**Data extract**.
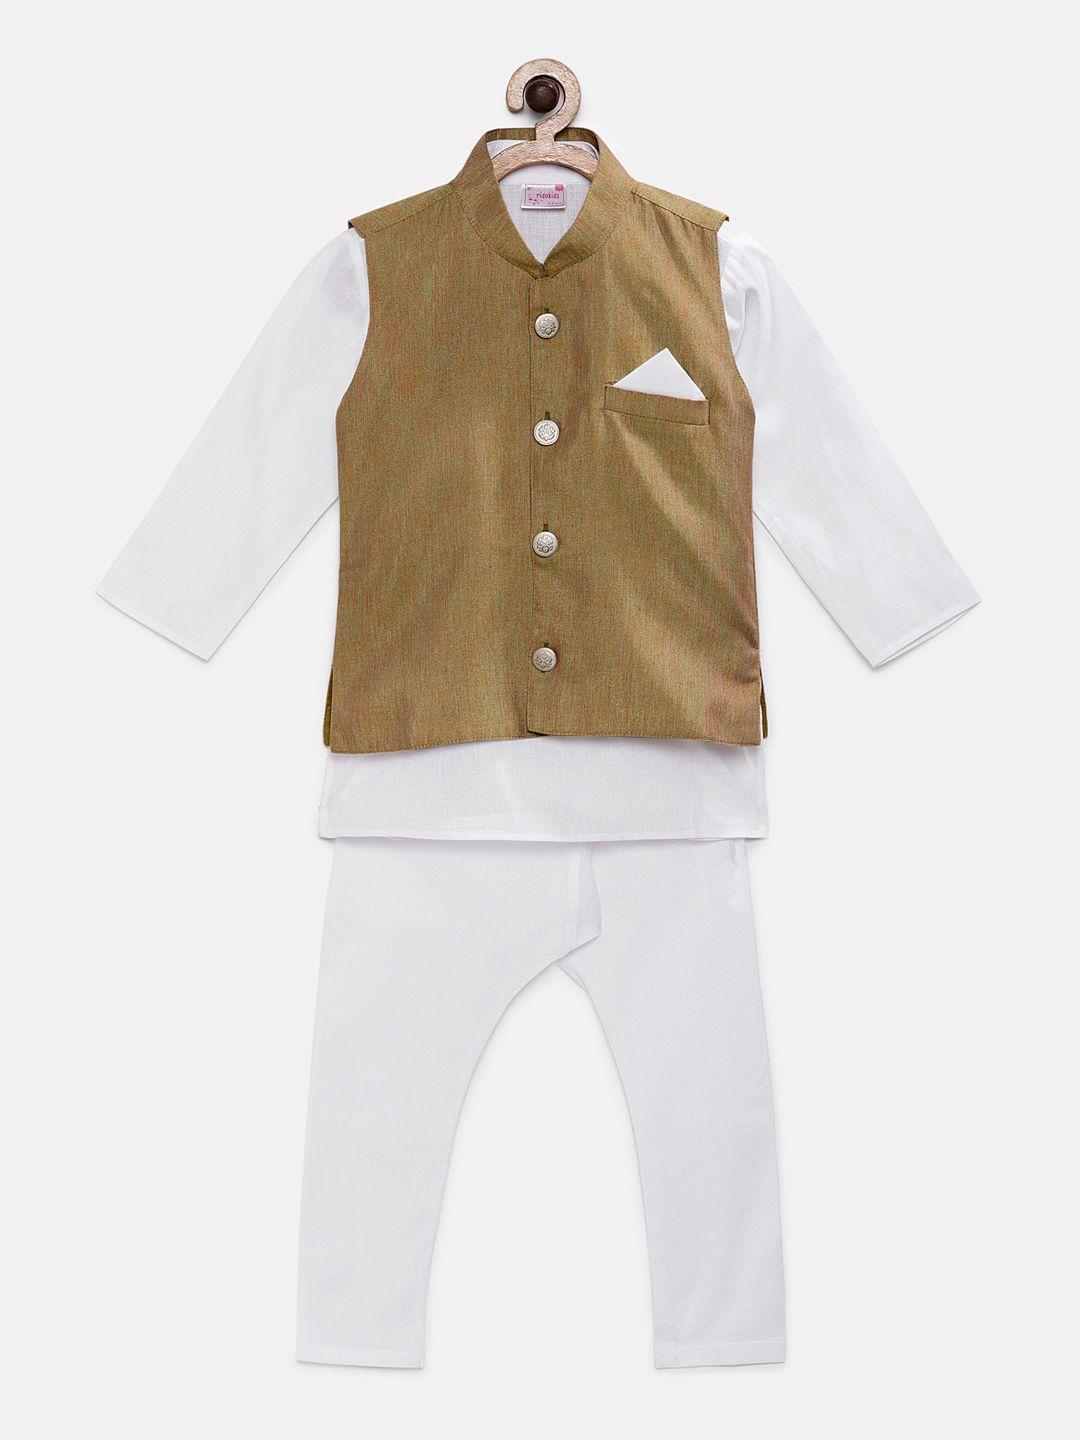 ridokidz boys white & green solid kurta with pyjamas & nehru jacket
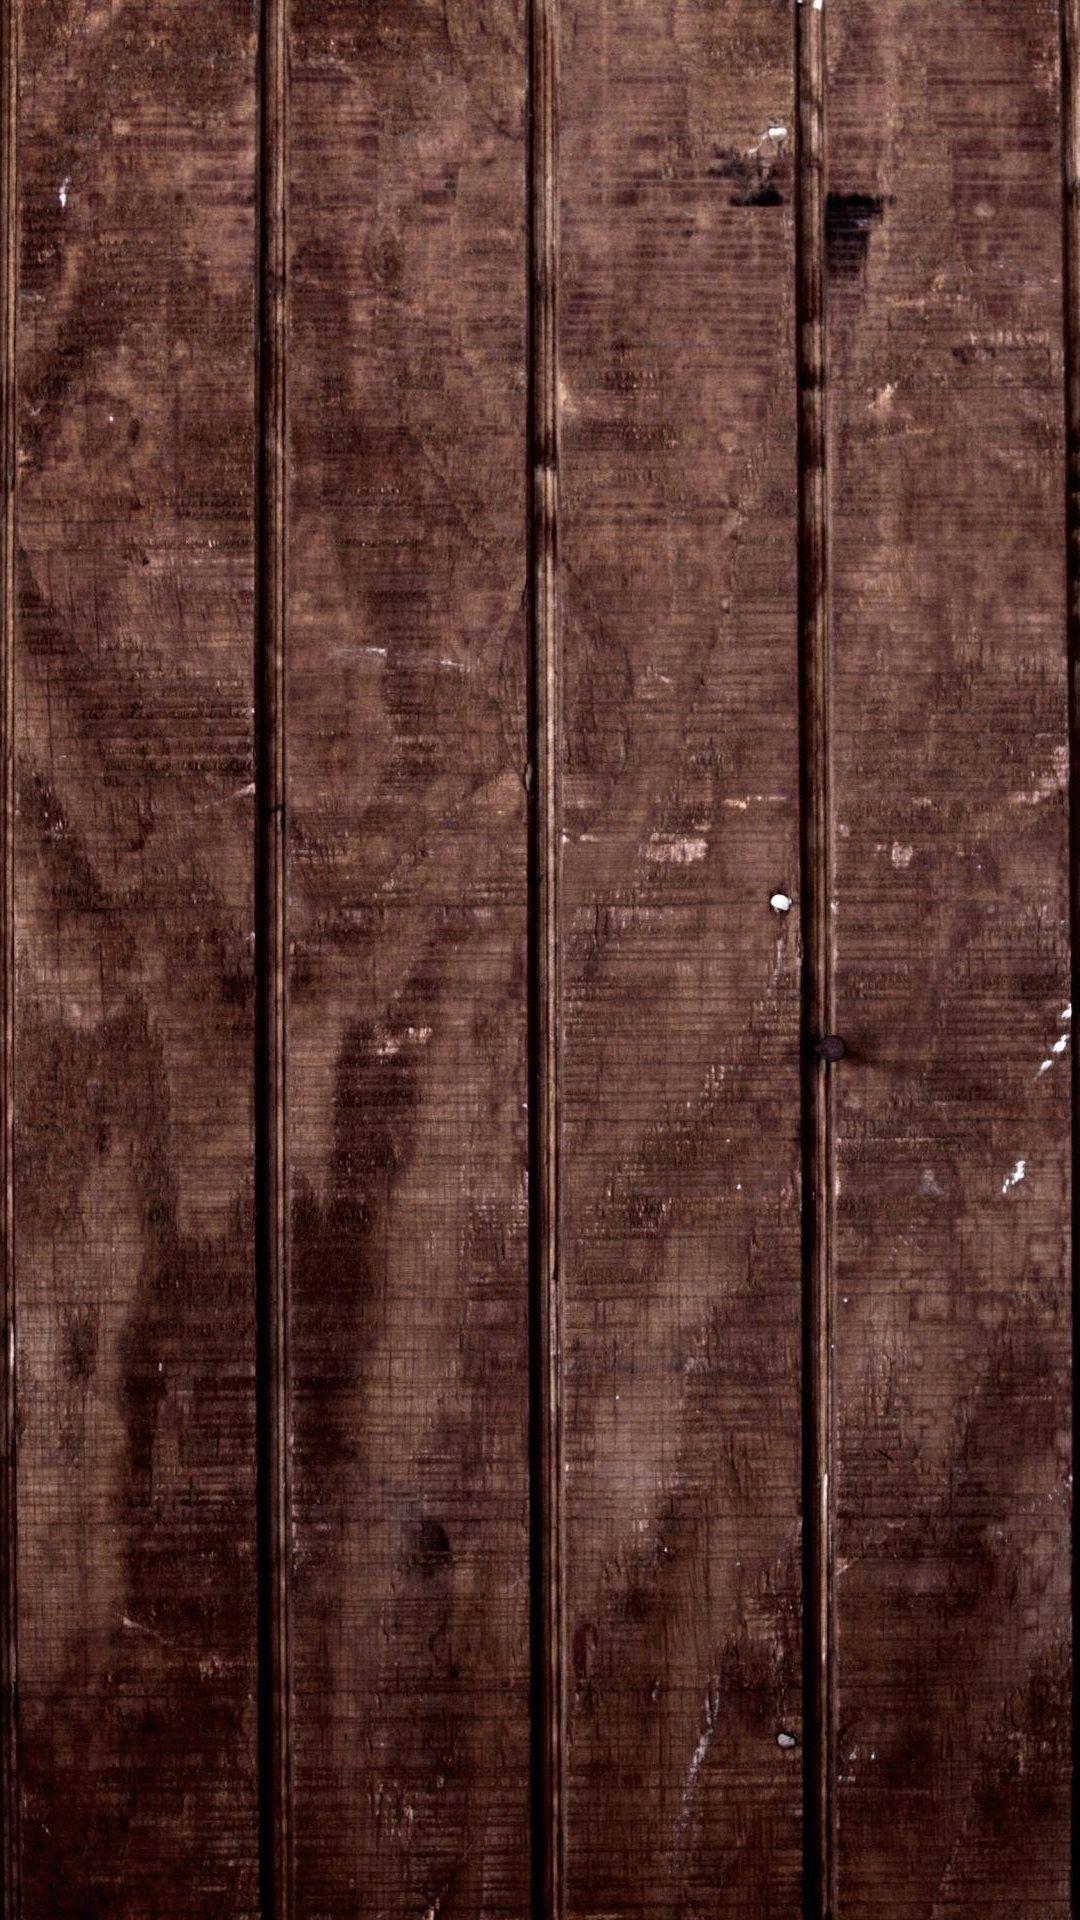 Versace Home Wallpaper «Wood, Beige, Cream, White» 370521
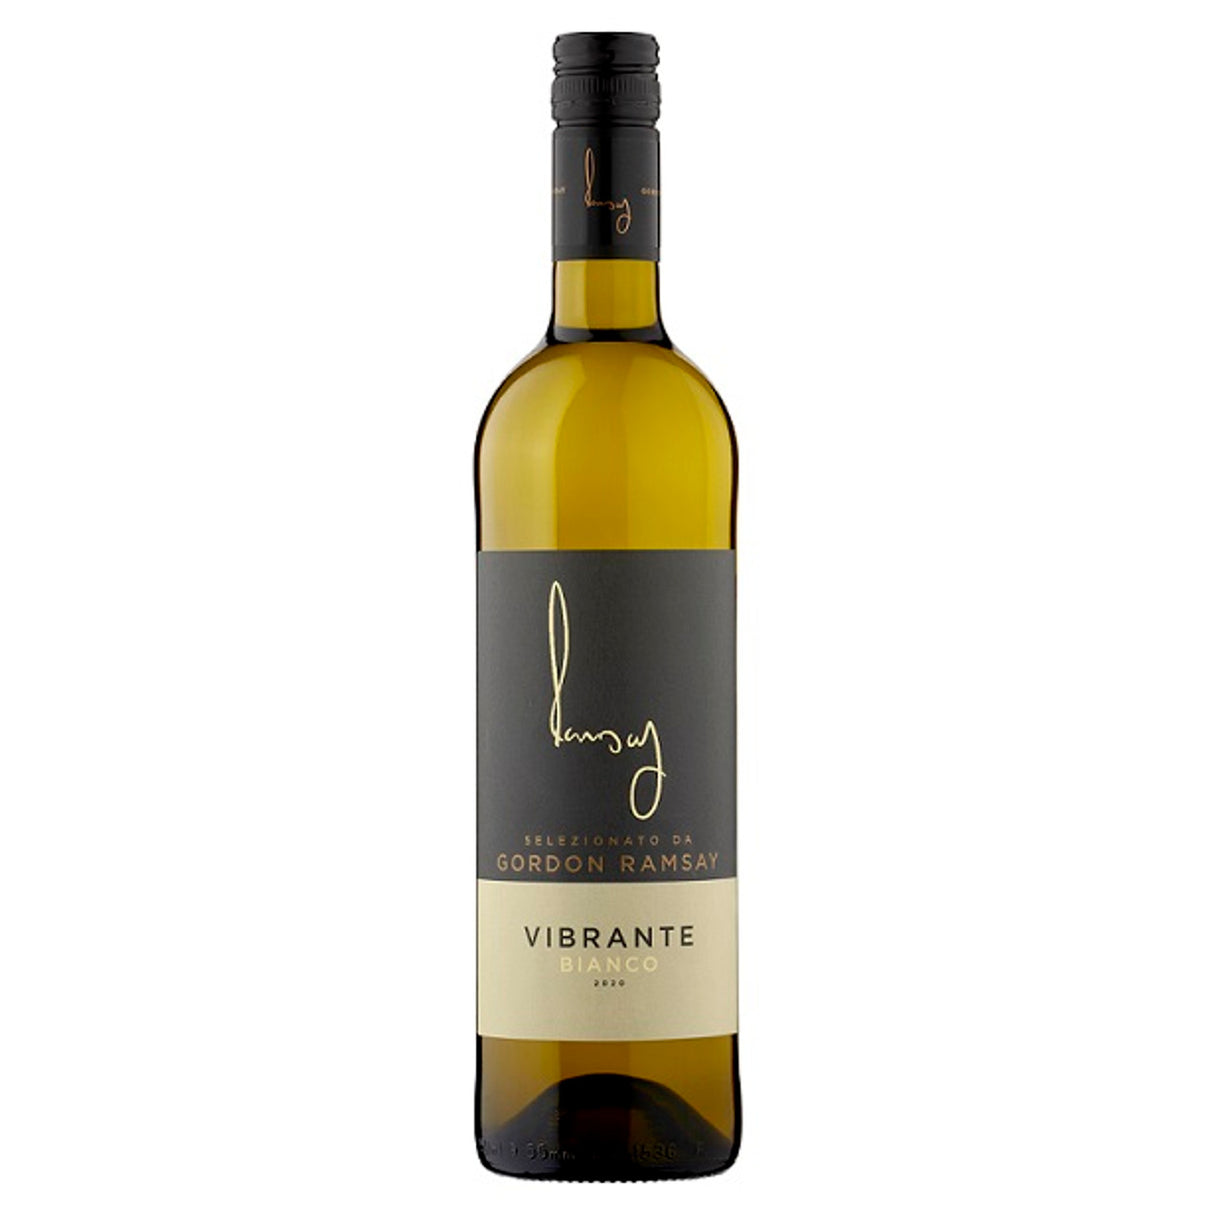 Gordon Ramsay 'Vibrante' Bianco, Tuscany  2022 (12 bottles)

**Required action**. From the first line to the last, retype the data above exactly, but not its images.

**Result of this task**.
 ridokidz boys white & green solid kurta with pyjamas & nehru jacket
 Versace Home Wallpaper «Wood, Beige, Cream, White» 370521
 Gordon Ramsay 'Vibrante' Bianco, Tuscany  2022 (12 bottles)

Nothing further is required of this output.